# Xenon Lamp On/Off Cycle



## Repeater (Nov 4, 2010)

We have a Christie 18K HD projector. The questions often is asked-- is it worth turning it off for 30 minutes, 60 minutes, *enter favorite time period here*? 

I'm primarily interested in the effect on xenon lamp life, not necessarily the cost of electricity, although it is on the radar. So, knowing that each turn-on cycle removes a certain unknown amount of lamp life, where is the "break-even" point?

Thanks!


----------



## SteveB (Nov 4, 2010)

Good question

The cool down period as recommended by Lycian for their xenon follow spots is 15 minutes lamp off, with fan running, then cut power. 

Thus if i'm not using the machine for 30 minutes and 15 is cool down, I won't shut off. In practice, if it's less then an hr. I leave running. The typical useful life is around 750 hrs. or so, so what's another hour and at least I known the machine is working (since it's usually dinner then a show), so less then 60 minutes I leave on, more then an hr. and I shut off. 

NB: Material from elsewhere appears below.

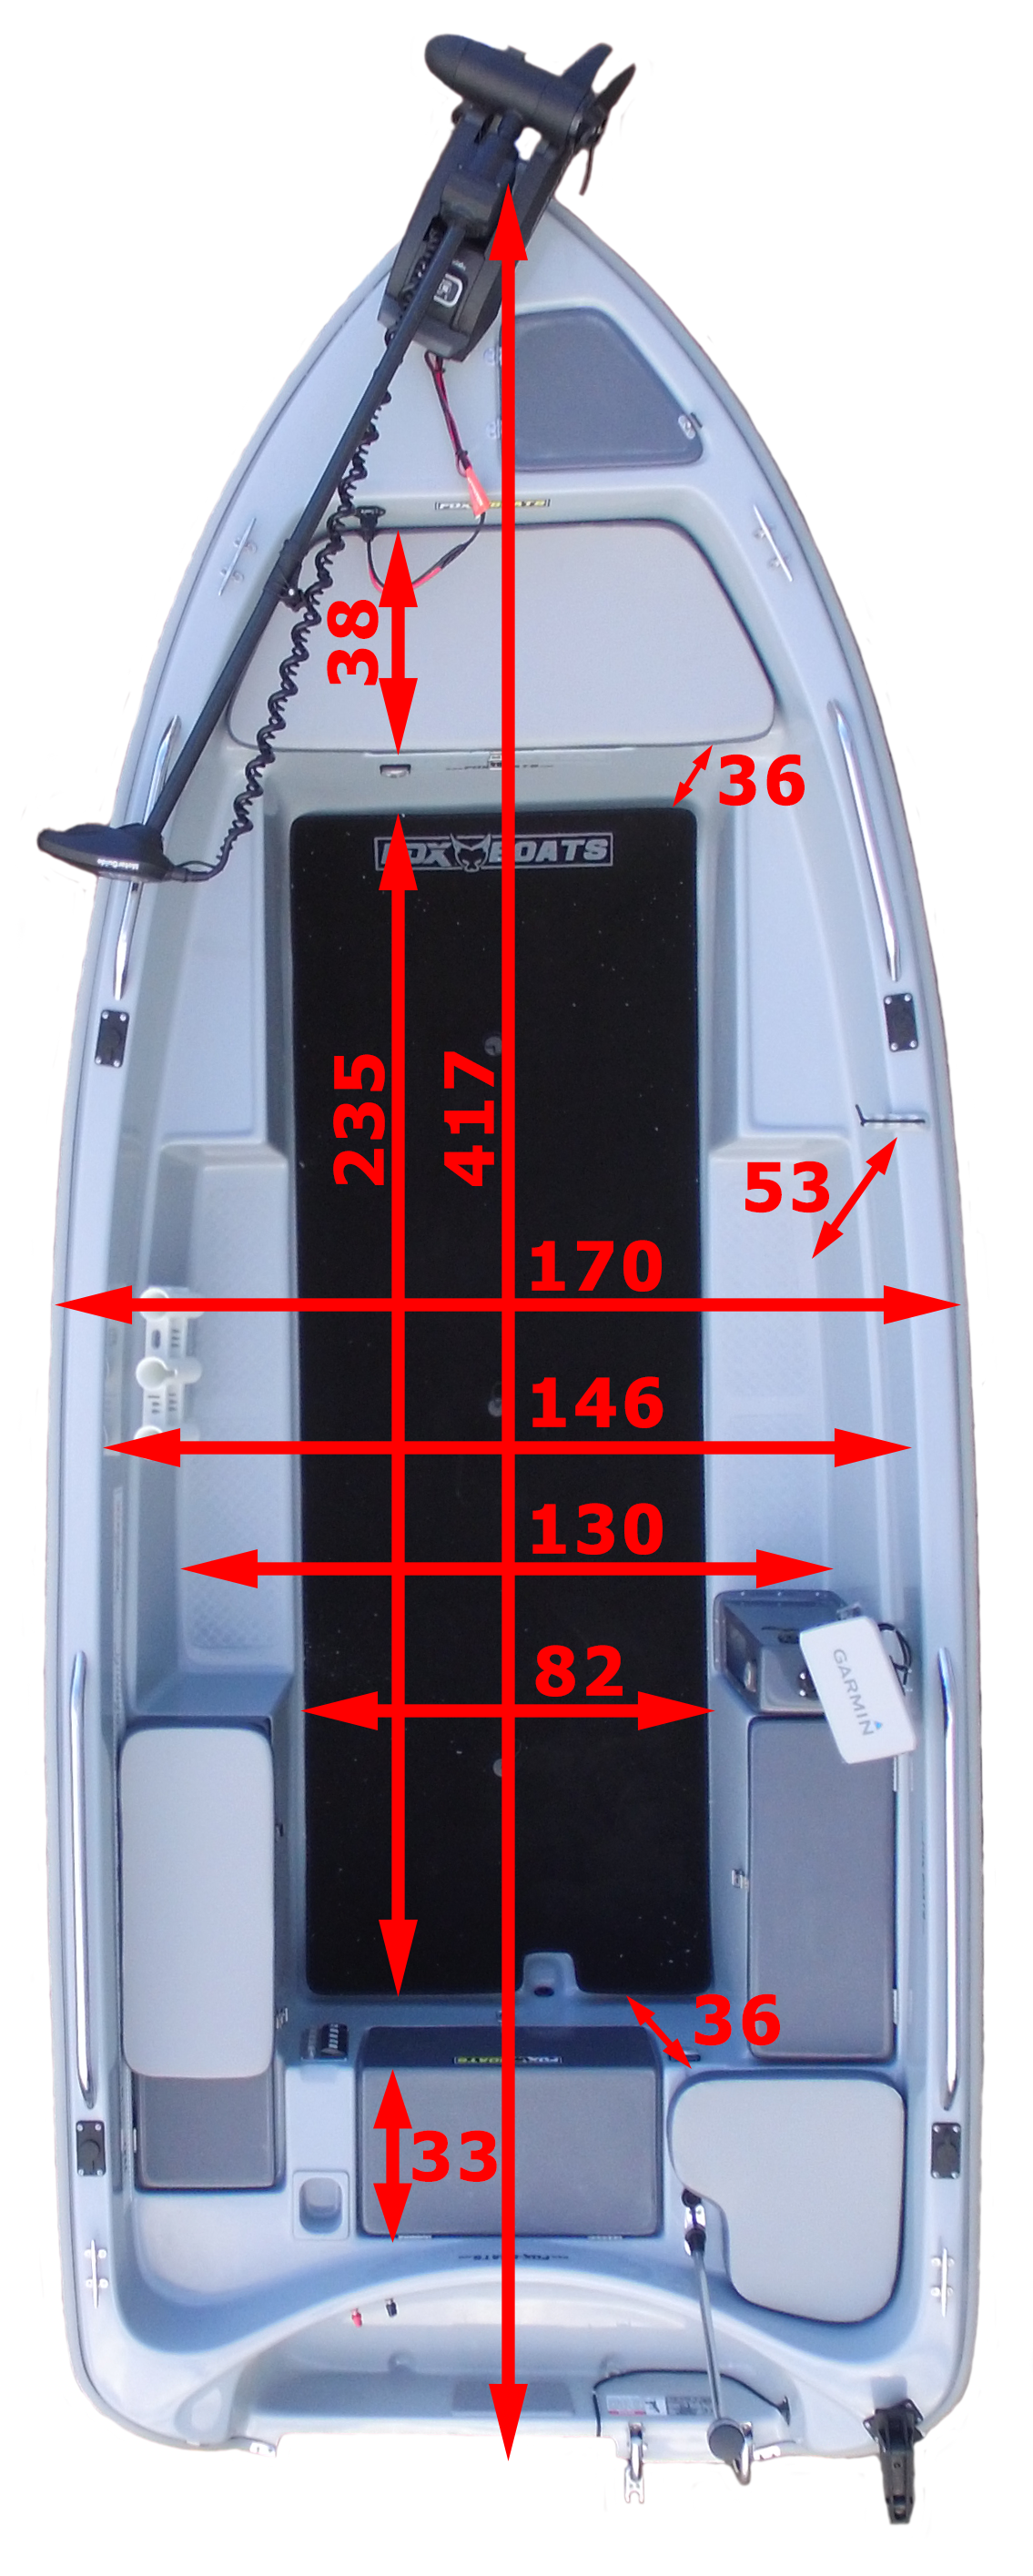 łódka wędkarska łódź riverfox 420 FOX-BOATS - www.fox-boats.com

Totally non-scientific.....


----------



## ruinexplorer (Nov 5, 2010)

Generally speaking, if I am going to be using my projector again the same day, I do not de-arc the lamp. So what is the magic number? No way to say for sure, but even if I have 2-3 hours without use, I will probably still have my projector on. If I know that I won't be using them for four hours, yeah, I'll probably de-arc them. One of the reasons that I keep my projectors arced is to keep the focus/alignment dead on. Every time you shut down your projector and let it cool, the internal mechanical components will also cool which could allow for a slight lens shift. If you are blending or stacking your image, that could be critical. 

So, if you are looking at a hard and fast number, maybe your lamp manufacturer could give you some better data. Otherwise, I think that it comes down to how you use your projector.


----------



## derekleffew (Nov 5, 2010)

Repeater said:


> We have a Christie 18K HD projector. The questions often is asked-- is it worth turning it off for 30 minutes, 60 minutes, *enter favorite time period here*? ...


A manufacturer of moving lights that use Xenon lamps once told me that a lamp strike takes one hour off the lamp life. Other people have said that with other discharge lamps it could be up to three hours off the lamp life. Thus I will not destrike if not gone for less than one hour (and SteveB has a very good point re: once it's working, keep it working--most problems are at lamp strike). Note with Xenon lamps there's also a minimum burn time of I believe fifteen minutes.

The Christie 18K HD uses a 3kW Xenon lamp, [750 hours (typical) lifetime], and [Power consumption: 3900W at 264 @ 14.8A]. At a national average of 12¢/kWh, that's 47¢ per hour, probably not something to fret over. Lamp costs ~$800, so add another $1 or so per hour. Also add the "relamping charge" as I believe the lamp module must be sent back to Christie to be replaced. Confirm or dispute, ruinexplorer?


----------



## ruinexplorer (Nov 5, 2010)

Derek, that sounds about right, although I believe the cost of the bare lamp for that unit is closer to $2700. Relamp cost is around $4000, unless you have been trained and have purchased a relamp kit (around $4000) from Christie. Of course your vendor could probably cut you slightly better deals.


----------